Plaintiffs have moved to prevent defendants from presenting any evidence of Mr. Smith's problems with alcoholism and drug use. From the record, it appears that Mr. Smith first suffered from alcoholism until four years prior to the accident. At that time he participated in a program, and, *926 according to the record, successfully controlled his intake of alcohol until the accident. Subsequent to his injury, it appears that Mr. Smith again began to drink, consuming on average a case of beer over a weekend and a six-pack of beer daily during the week. He did not tell the doctors treating him for his back injury that he was drinking that quantity of alcohol on a regular basis. Reply, Exhibit "B". In March of 1989 Mr. Smith was seriously injured as a result of an automobile accident; after his hospitalization, Mr. Smith was arrested for driving under the influence, after a blood test was performed which determined that, at the time of the accident, Mr. Smith's blood alcohol level was more than three times that allowed by law.

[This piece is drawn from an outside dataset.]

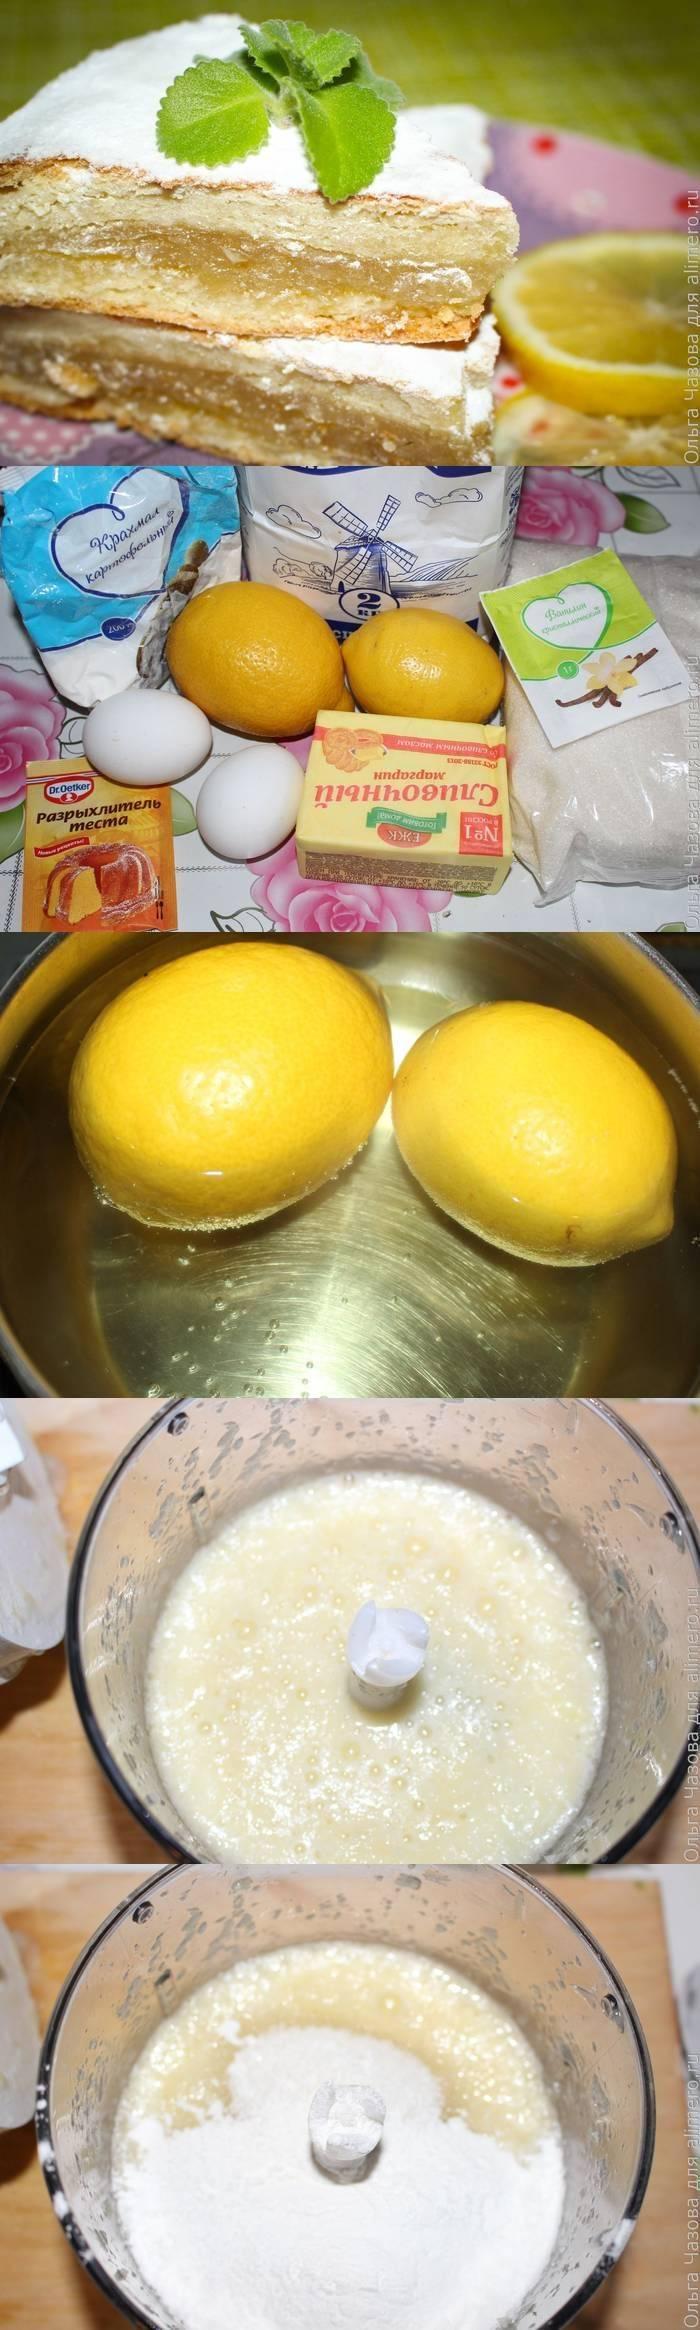 Лимонный пирог - рецепт с фото пошагово

Defendants do not intend to introduce this evidence on the issue of liability, but rather to rebut plaintiffs' claims for lost earning capacity. Response to Motion in Limine, ¶ 11. Plaintiffs assert that:

[there is] no evidence that John's prior condition regarding to [sic] use of alcohol has had any effect on John's life expectancy and/or work life expectancy. Therefore, evidence of alcohol consumption by John Smith would be nothing more than groundless conjecture having no probative value. Federal Rule of Evidence 401. To the contrary, John's prior state of health was excellent. Attached and marked Exhibit "C" is a letter from John's personal family physician stating that John's prior state of health [sic].

Reply, p. 2.

In my view, Mr. Smith's drinking habits are relevant to a jury's consideration of this case. It appears that both plaintiffs and defendants intend to rely on mortality tables with respect to Mr. Smith's claim for loss of earnings capacity; as noted in Helm v. Eagle Downs-Keystone Racetrack, 385 Pa.Super. 550, 561 A.2d 812 (1989), mortality tables are admissible for that purpose. In conjunction with the use of mortality tables, individual characteristics including the prior health and personal habits of a plaintiff must be considered by a jury before coming to a dollar figure on damages. Id. Thus, Mr. Smith's drinking habits are indeed relevant to a jury's consideration of the mortality tables,[2] and defendants are entitled to introduce evidence of Mr. Smith's alcoholism for the limited purposes for which it is offered.


An order reflecting these determinations accompanies this memorandum.


For the reasons stated in the accompanying memorandum, it is hereby ORDERED that:

(1) defendants' motion for partial summary judgment is DENIED; and

(2) plaintiffs' motion in limine to exclude evidence of plaintiff John Smith's alcohol abuse is DENIED.


[1] Martin represents the Pennsylvania Supreme Court's most recent statement of the standard for awarding punitive damages. The opinion of the court was joined in by only two of the six justices considering the case, with four justices concurring in the result. I agree with Judge Newcomer's conclusion in Ivins v. Celotex Corp., 115 F.R.D. 159, 164-165 (E.D.Pa.1986) that, because of the divisiveness of the court, Martin cannot fairly be read as a "definitive statement of the requisite mental state for punitive damages." Id. However, in this case Martin, as well as the older Pennsylvania cases cited in Ivins, apply.

[2] This evidence is also relevant to rebut the expected expert testimony regarding the extent of Mr. Smith's injuries; the relevance is highlighted by Mr. Smith's admission that he did not tell his treating physicians, some of whom are expected to testify about Mr. Smith's alleged diminished work capacity, of his high alcoholic consumption during the course of his treatment.